2) In this example there is a more physical representation of their understanding. Heaven, the Forms, and the Knowledge are placed at the top in order to indicate that these things are thought of as ‘higher’ or, indeed, ‘highest’. The soul then bridges the gap between heaven and reality. Socrates is also there, bridging this gap – ‘like a philosopher freed from his chains’ in this child’s words. They chose also to bring attention to a question they have about Aristotle’s dualism too. They weren’t quite sure about this so they placed Aristotle lower down, closer to the ‘ground’, with Plato slightly higher and Socrates highest to indicate their particular philosophical focuses.




Observations

There are lots of examples, but I hope from these two you can see where misconceptions can be identified as well as where they strongest links have been made. I have long thought that the biographical is essential to the studying of philosophy, it has been argued that this becomes less important as you progress through the canon all the way through to modern day philosophers, but this is to exclude the influence of the historical and the political. At KS2 level I want the children to know these people, to place them in time and have some idea of the backdrop against which these ideas formed. Placing them in my philosophy timeline their influence is discussed in multiple lessons. In previous years the children have requested to look at Stoicism, female Philosophers and Christian, Islamic and Buddhists concepts of the soul and how they compare. This year I wanted to home in on fewer things, in greater depth. It has certainly paid-off. A focus on key, technical vocabulary that then enables children to think, sequence and discuss a topic at such a high level has been a great discovery this year and I would not have done it without #TeamRE.


Takeaways:

· Note Taking: Train your children in the Cornell note taking method, use a margin-less or customised exercise book in class. It takes a lesson to get them used to it but they can then keep notes, return to and add to their understanding as your curriculum roles on. My class take this note pad with them everywhere and they are encouraged to make links between subjects. They might use their science notes in English or their Geography notes in maths for example.

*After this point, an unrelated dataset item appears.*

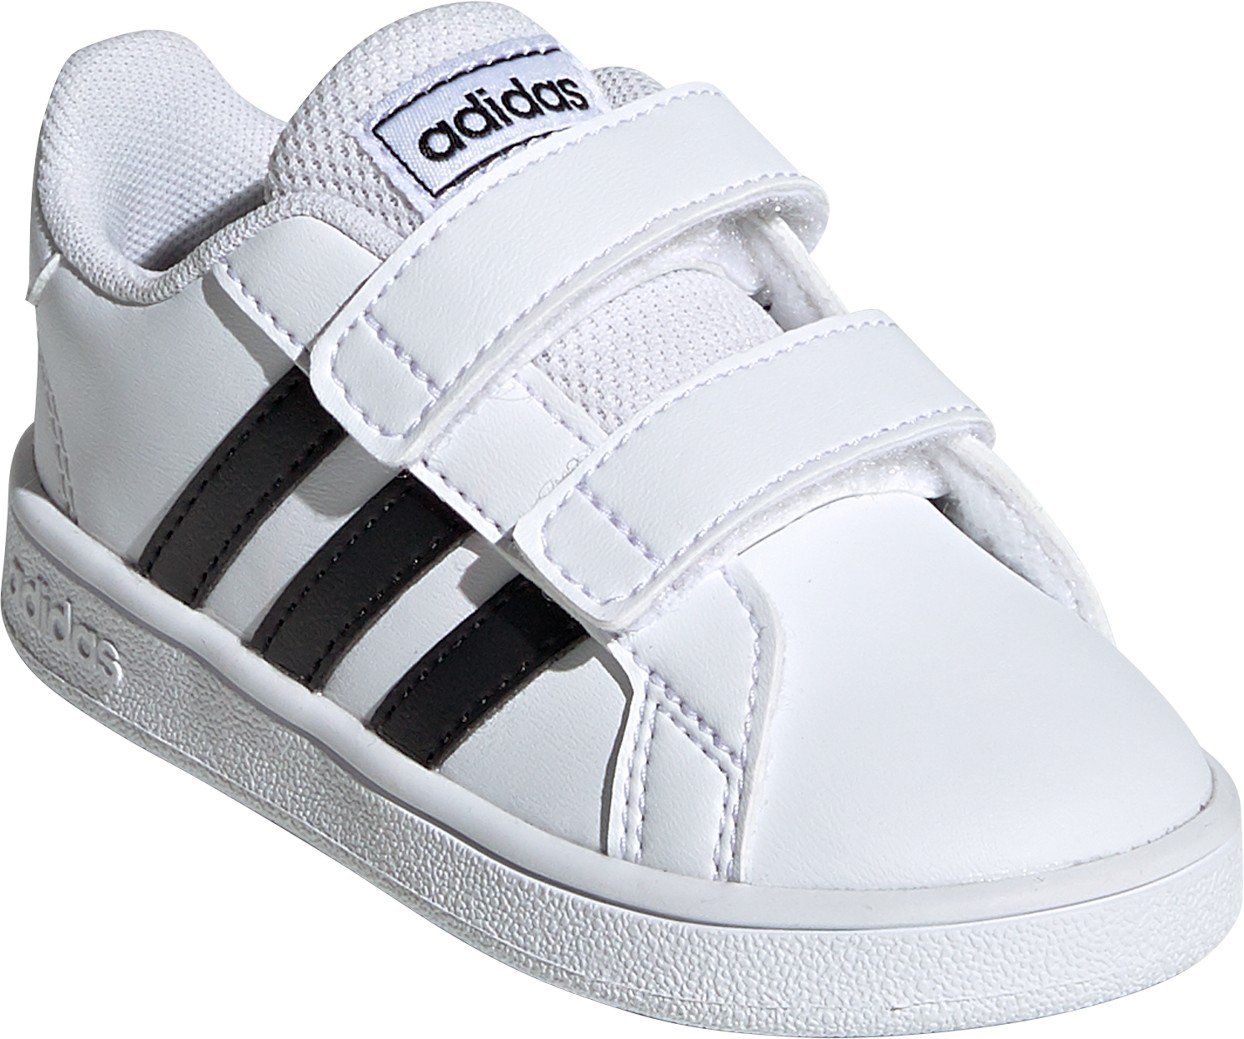 adidas for toddler girls
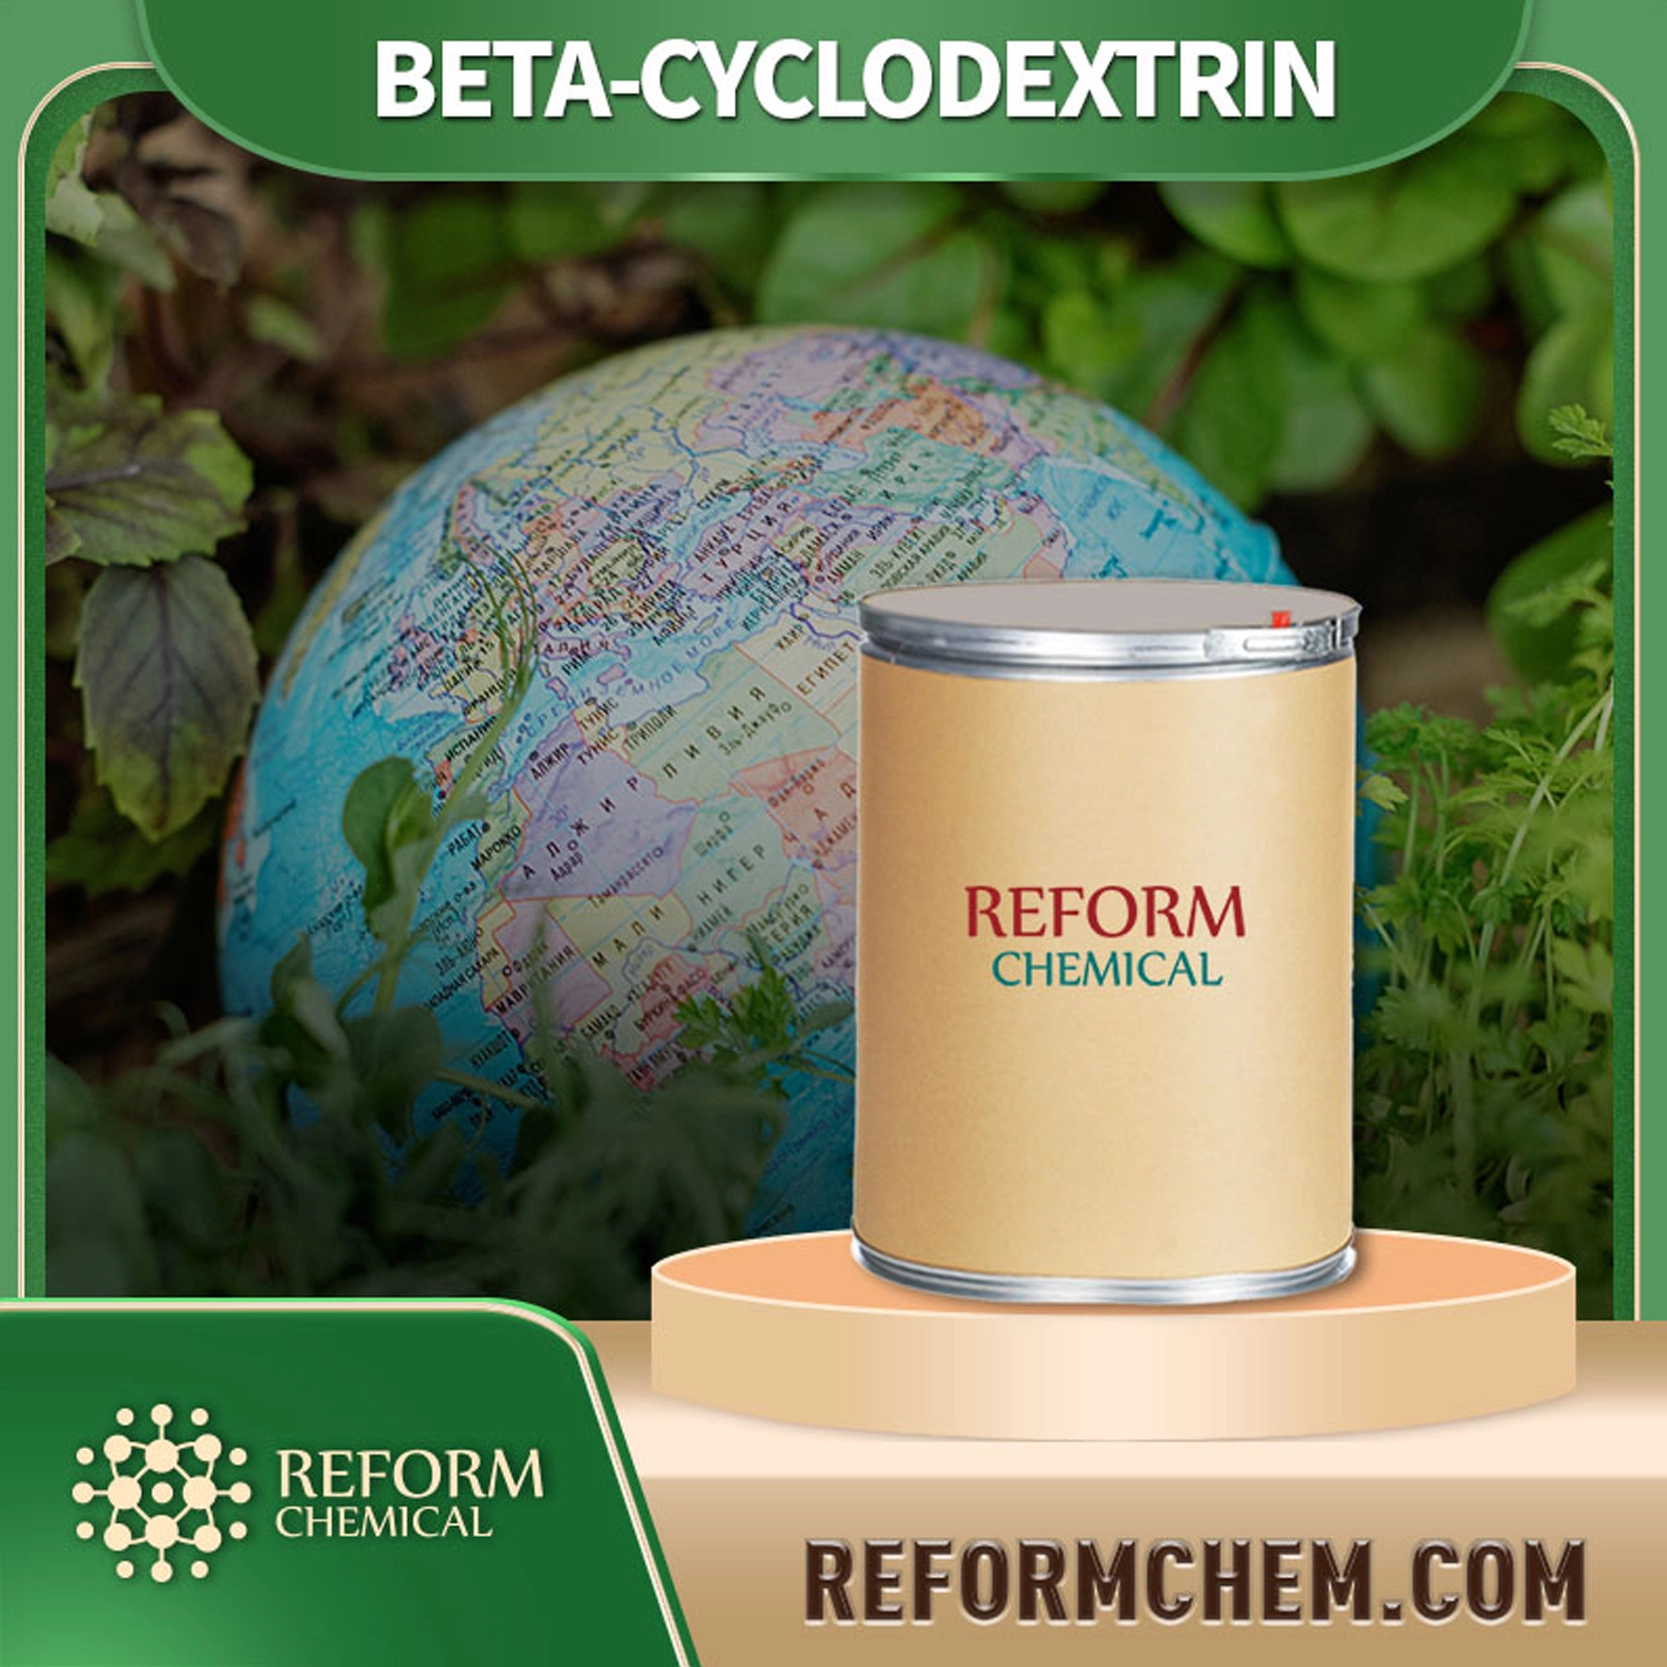 BETA-CYCLODEXTRIN

· Fewer Things, Greater Depth: This is mantra now. Linking fewer things to each other provides greater depth, this doesn’t silo children into becoming specialised experts; it grounds their understanding and gives them the confidence of real knowledge. Once they secure this other ideas, related or contrasting, connections, and cross-curricular links happen on their own.

· Key Vocabulary: If the children can’t talk about it then it is difficult to think about. Etymology and defining key technical and related vocabulary mean the children have the concepts they need to ‘cognise’ what we are teaching them. ‘That guy who said the thing’ isn’t going to lead to any ‘change in long-term memory’.

· Biography and Story: I haven’t referred to this much but using story is essential to human understanding. Aristotle’s Golden Mean is typified in the story of Icarus; the children ‘booed’ when they discovered that Plato had left the Academy to his nephew and not Aristotle, they were dumbfounded when they discovered Socrates was put to death but easily could have escaped in exile. Disney’s Soul was also useful when talking about the Realm of the Forms and a platonic Christian heaven.